Rente mit Dividende – Eine lohnenswerte Idee?

Die Rente wird immer weniger, zumindest die gesetzliche Rente.

Schon ab dem Jahr 1980 begann die Talfahrt von zunächst 57,6 % des Netto-Einkommens auf 48,2 % vor Steuern im Jahr 2017.

Das ist aber nicht das Ende der Fahnenstange. In der Politik wird für die Zukunft das Rentenniveau bis zum Jahr 2030 bei nur noch 43 % gesehen, zumindest innerhalb der Unionsparteien.

Dabei soll der Rentenbeitrag der Arbeitnehmer von aktuell 18,7 % auf 22 % ansteigen.

In Summe bedeutet dies: Es muss immer mehr eingezahlt werden, um dafür im Rentenalter immer weniger zu bekommen.

Es lohnt sich also, über eine Rente mit Dividende nachzudenken.

Das bedeutet nichts anderes, als die Geldanlage in Aktien oder Aktienfonds.

Immerhin können Aktien einen unschlagbaren Beweis erbringen, dass sich ein Investment rechtfertigt.

Das sind die verschiedenen Aktienindizes der großen Börsen.

Über die Jahrzehnte hinweg zeigen praktisch alle einen sehr positiven Kursverlauf.

Zu verdanken ist dies Unternehmen, die durch Innovation, aber auch durch kaufmännisch kluges Handeln, den Wert ihrer Anteile steigern konnten.

Davon kann jeder profitieren, heute mehr denn je. Was nun zum Beispiel dividendenstarke Aktien bringen und wie sich eine solche Anlage für die Rente auszahlt, erfährst Du hier.

Rente mit Dividende absichern

Rente mit Dividende absichern

Hast Du Angst vor Aktien?

Nichts verbreitet sich schneller als schlechte Nachrichten.

Wenn etwa ein Flugzeug verunglückt und dabei tragischerweise Hunderte Menschen sterben, ist dies ein mediales Großereignis.

Im Verhältnis jedoch zu anderen Verkehrsmitteln ist das Innere eines Passagierflugzeugs der sicherste Ort auf der Welt.

So zeigt die deutsche Verkehrsstatistik für die 5 Jahre von 2005 bis 2009 nur einen einzigen im Flugverkehr getöteten Passagier. 

Gleichzeitig starben in Pkws auf unseren Straßen 12.619 Menschen, eine ganze Kleinstadt.

Der Flugzeugabsturz steht im Brennpunkt, genauso wie etwa der Zusammenbruch einer Aktiengesellschaft und der damit zusammenhängende Kurssturz der Anteile.

Das verbreitet Angst. In beiden Fällen, Flugzeug und Aktie, die Angst vor dem Absturz.

Dabei zeigt sich, dass Aktien und Verkehrsflugzeuge durchaus statistische Ähnlichkeiten aufweisen.

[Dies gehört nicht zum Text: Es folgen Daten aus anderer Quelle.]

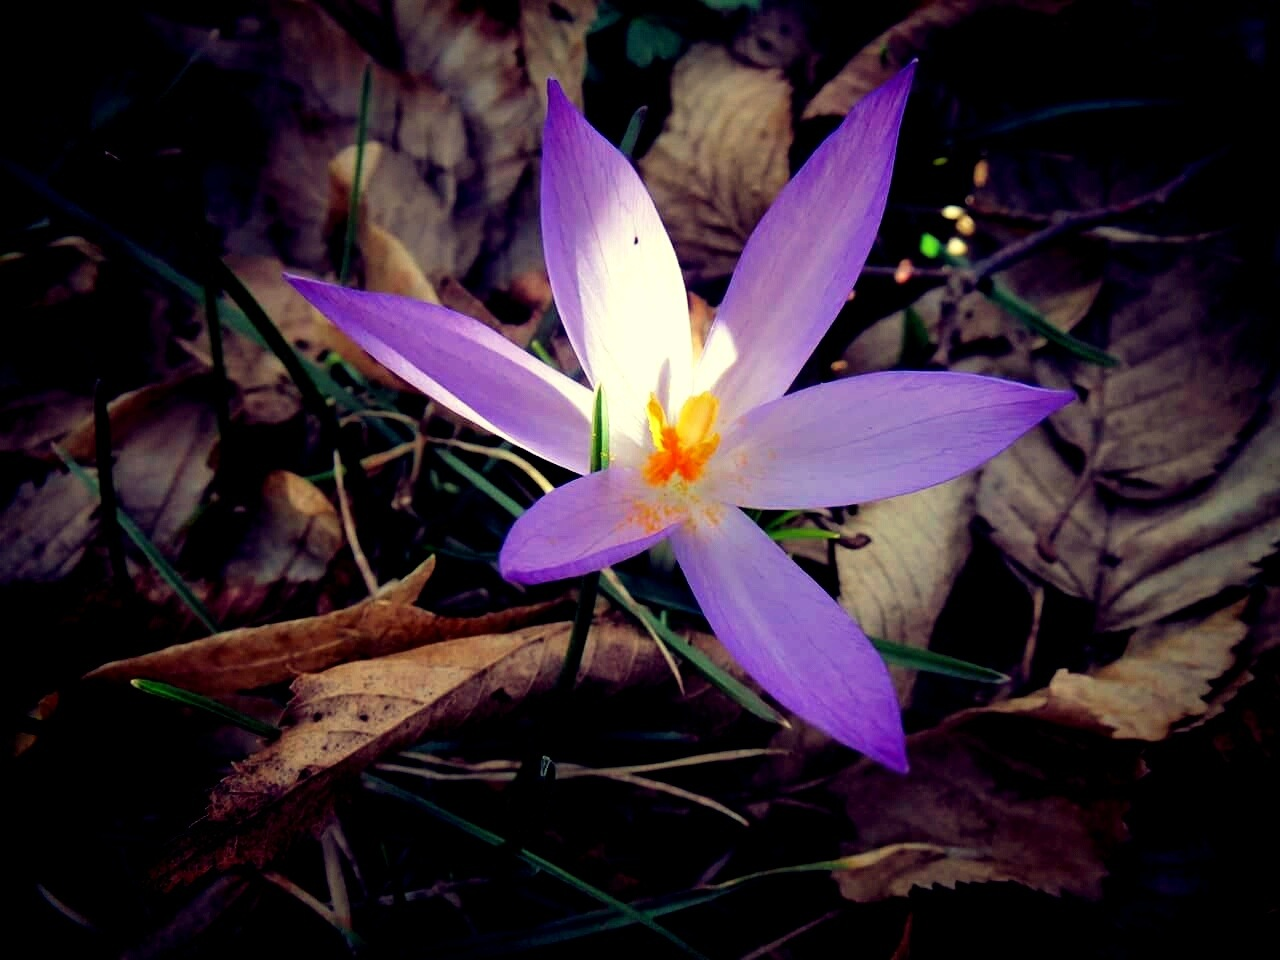 purple star by Iri Rusu

Im Verhältnis zu anderen Anlagemöglichkeiten stellen Aktien die beste Möglichkeit der Investition dar, wenn Ertrag und Laufzeit gerechnet werden.

Es kommt bei beiden Mitteln darauf an, wie und in was eingestiegen wird.

Wer beispielsweise schon einmal im Urlaub einen kleinen Inselhüpfer nutzte, vielleicht eine 4-sitzige Propellermaschine, wird den Unterschied zum Langstreckenjet erkennen. 

In der Geldanlage stellen große, seit Jahrzehnten am Markt befindliche Unternehmen meist das kleinere Risiko dar als etwa neue und unbekannte Firmen. 

Allerdings sind die Blue-Chips der Aktienmärkte keine großartigen Dividendenbringer. 

Was sind dividendenstarke Aktien?

Die Dividende ist ein Teil des Gewinns, den eine Aktiengesellschaft macht.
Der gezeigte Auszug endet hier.